An arbor draped in white roses led to the museum’s entrance. Inside, winding stairs led to floors containing a treasure trove of photographs, posters and paintings that recalled the daily life and exuberant cabaret scene of the Impressionists’ Montmartre.
Windows along the way offered the opportunity to compare the palette of the Montmartre artists with their planted rendition in the garden below — a bed of vibrant red, yellow and blue flowers, reminiscent of van Gogh, with lilac, roses and hydrangeas representing the softer hues of Degas and Utrillo. Right on cue, as if escaped from Steinlen’s poster “Le Cabaret du Chat Noir,” the museum’s resident black cat strolled by the lily pond below.
A fine view of the Montmartre vineyard appeared, in existence since the Middle Ages and replanted in 1933, festooned with bird netting this day to protect grapes slated for harvest in a few days.
At the bottom of the vineyard hill, Au Lapin Agile, a cabaret and bar favored by Picasso, Modigliani and Toulouse-Lautrec, operates as such to this day.
Leaving the museum, I followed quiet rue Cortot into the Place du Tertre’s throngs of souvenir-shopping tourists and easel-toting artists hawking paintings and the opportunity to have your portrait sketched for a price.

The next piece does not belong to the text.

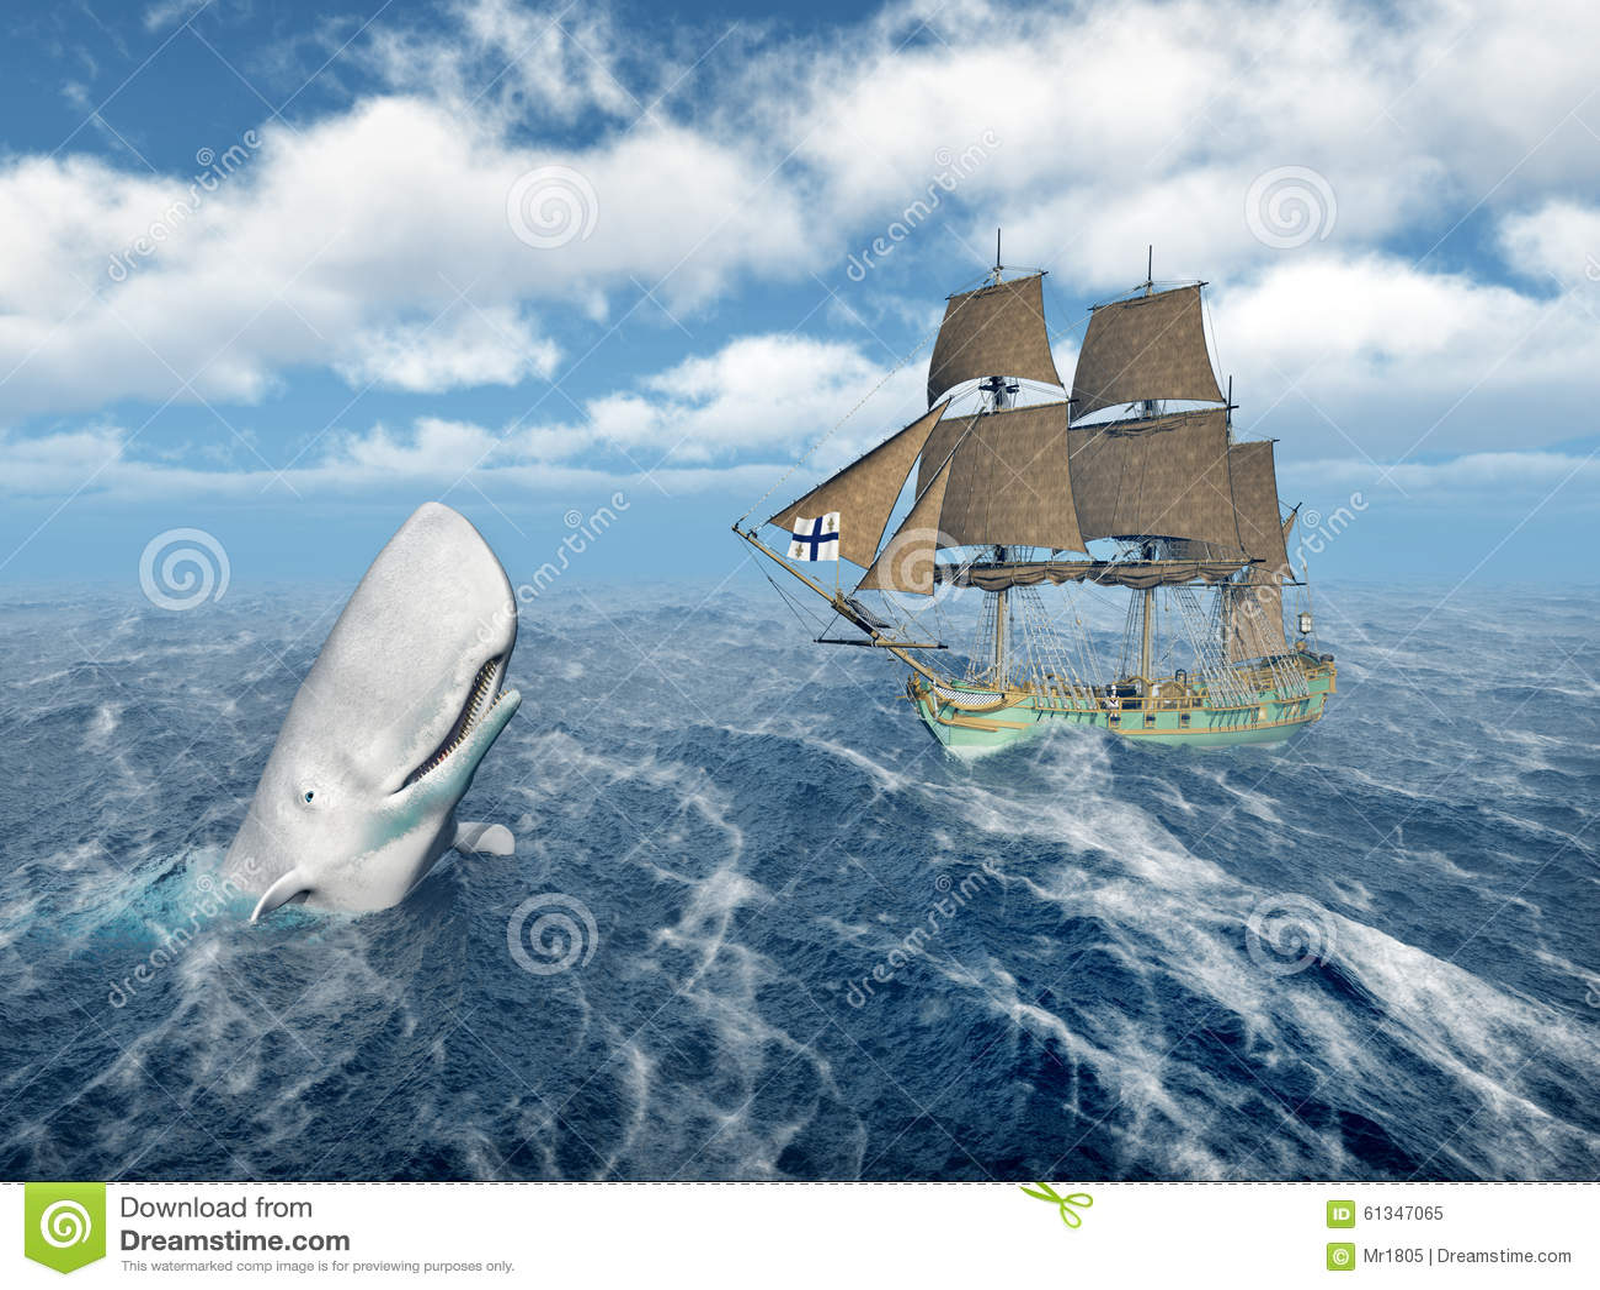 sperm whale sailboat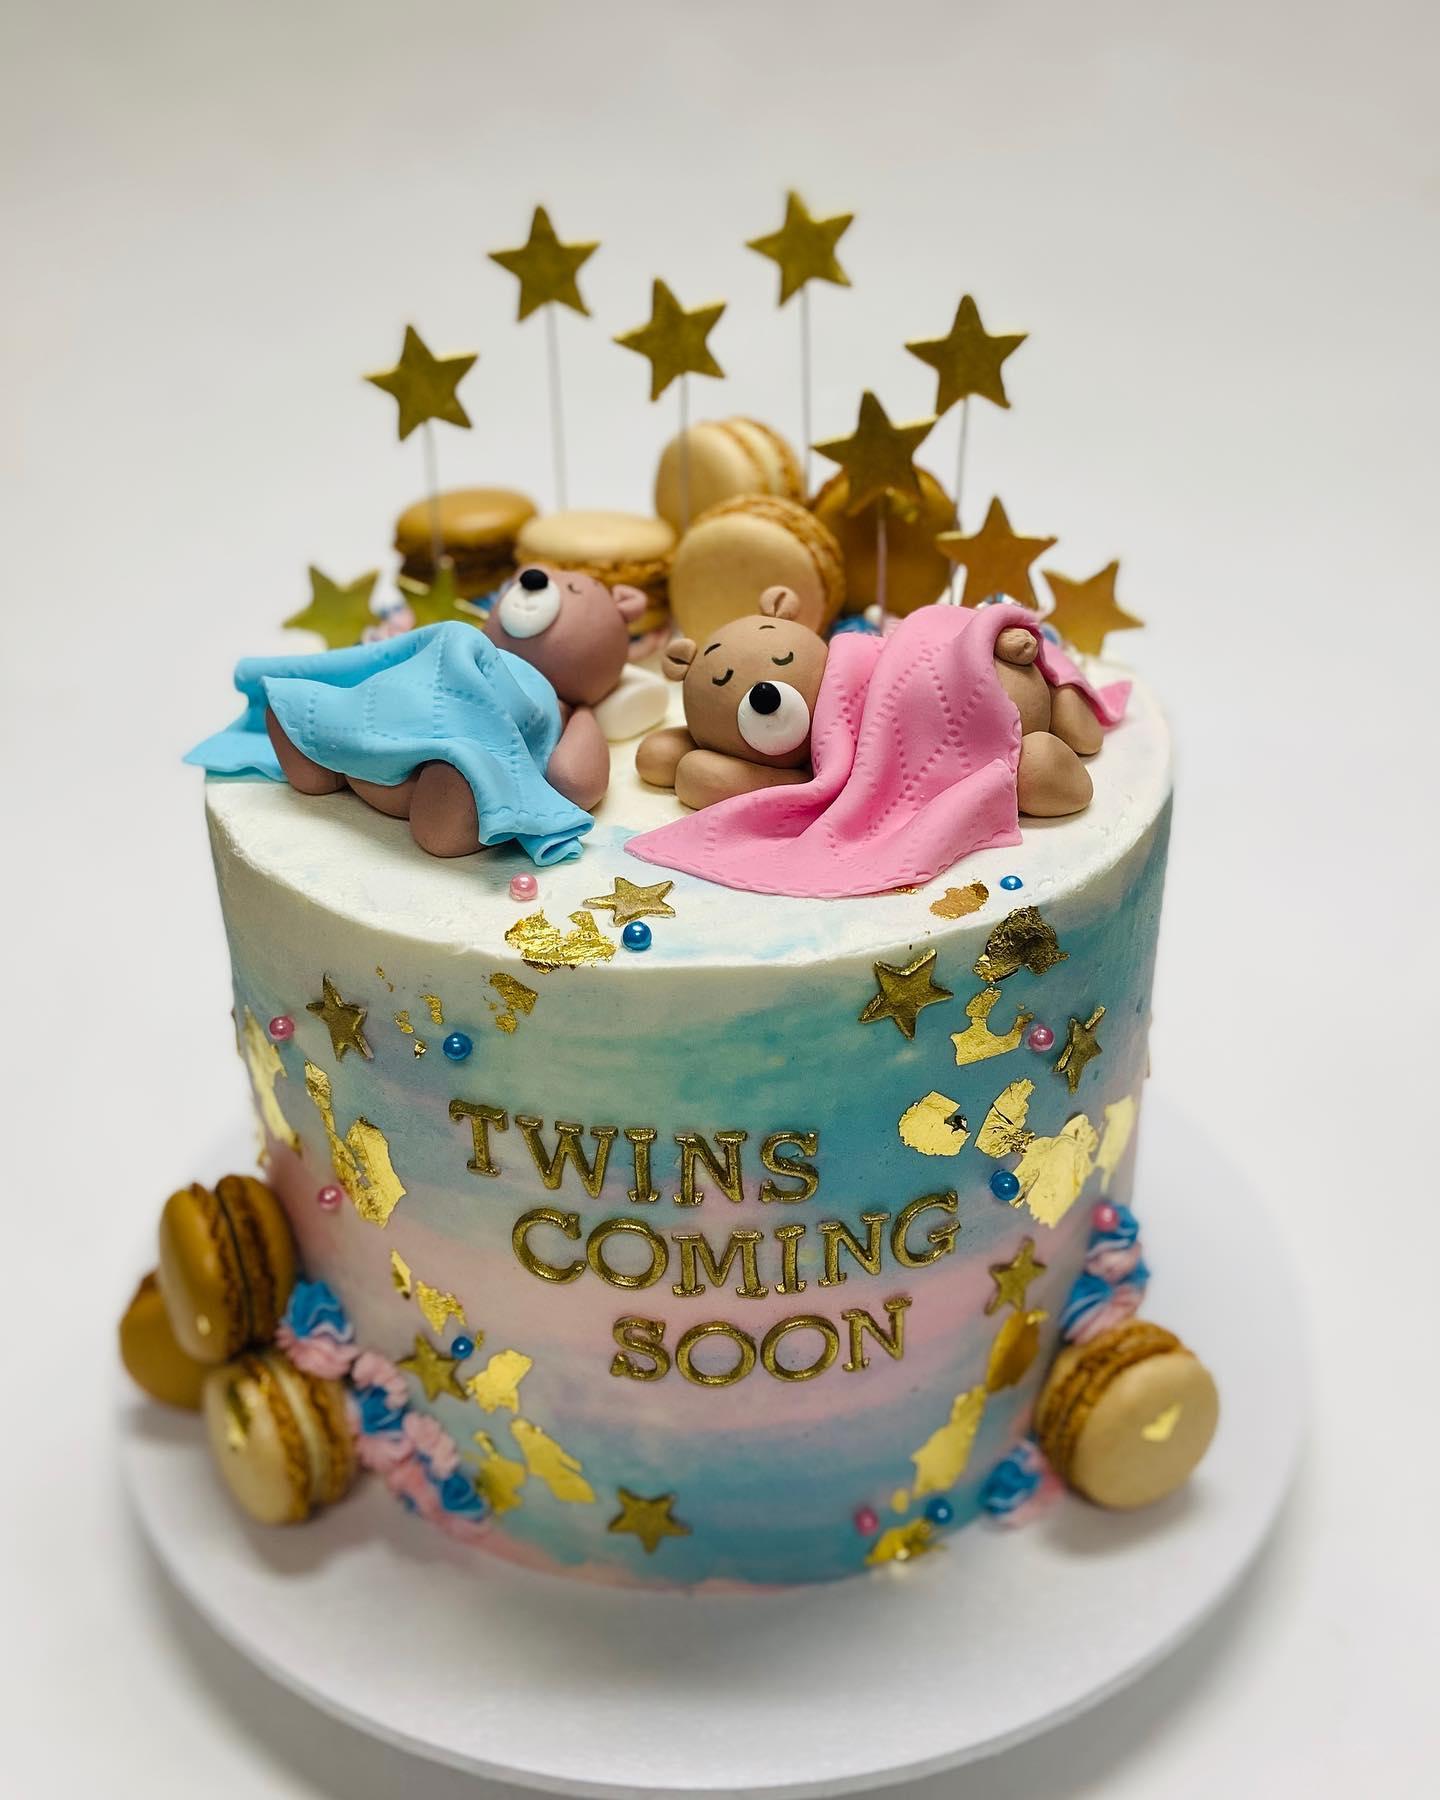 twins coming soon

Farther along, the square fronting Sacré-Cœur was filled with the steady stream of visitors making their way up the stairs to the wedding cake on the hill and its panoramic views of the city.
Most, I suspected, would return to the Paris below via the route on which they arrived without an inkling of what they’d missed but steps away.
Getting situated
The Musée de Montmartre (12-14 rue Cortot, Paris; phone +33 1 49 25 89 35.), in the 18th arrondissement, is open daily 10 a.m.-6 p.m. The admission fee is €9 (near $12) per adult, €7 per student age 18-25 or €5 per child age 10-17 and free to those under age 10.
For this visit to Paris, a multigenerational one, I again looked to Chez Vous Paris Apartments (Sausalito, CA; 415/331-2535) for an apartment, as I had on three previous family visits. We found one superbly located in the 6th arrondissement measuring 1,000 square feet and comfortably sleeping six.
Its $920-per-night tab seemed expensive until we noted the going price for Paris’ hotel rooms, the apartment’s well-equipped spaciousness and the need not to eat all meals out. As a repeat renter, I received a discounted rate.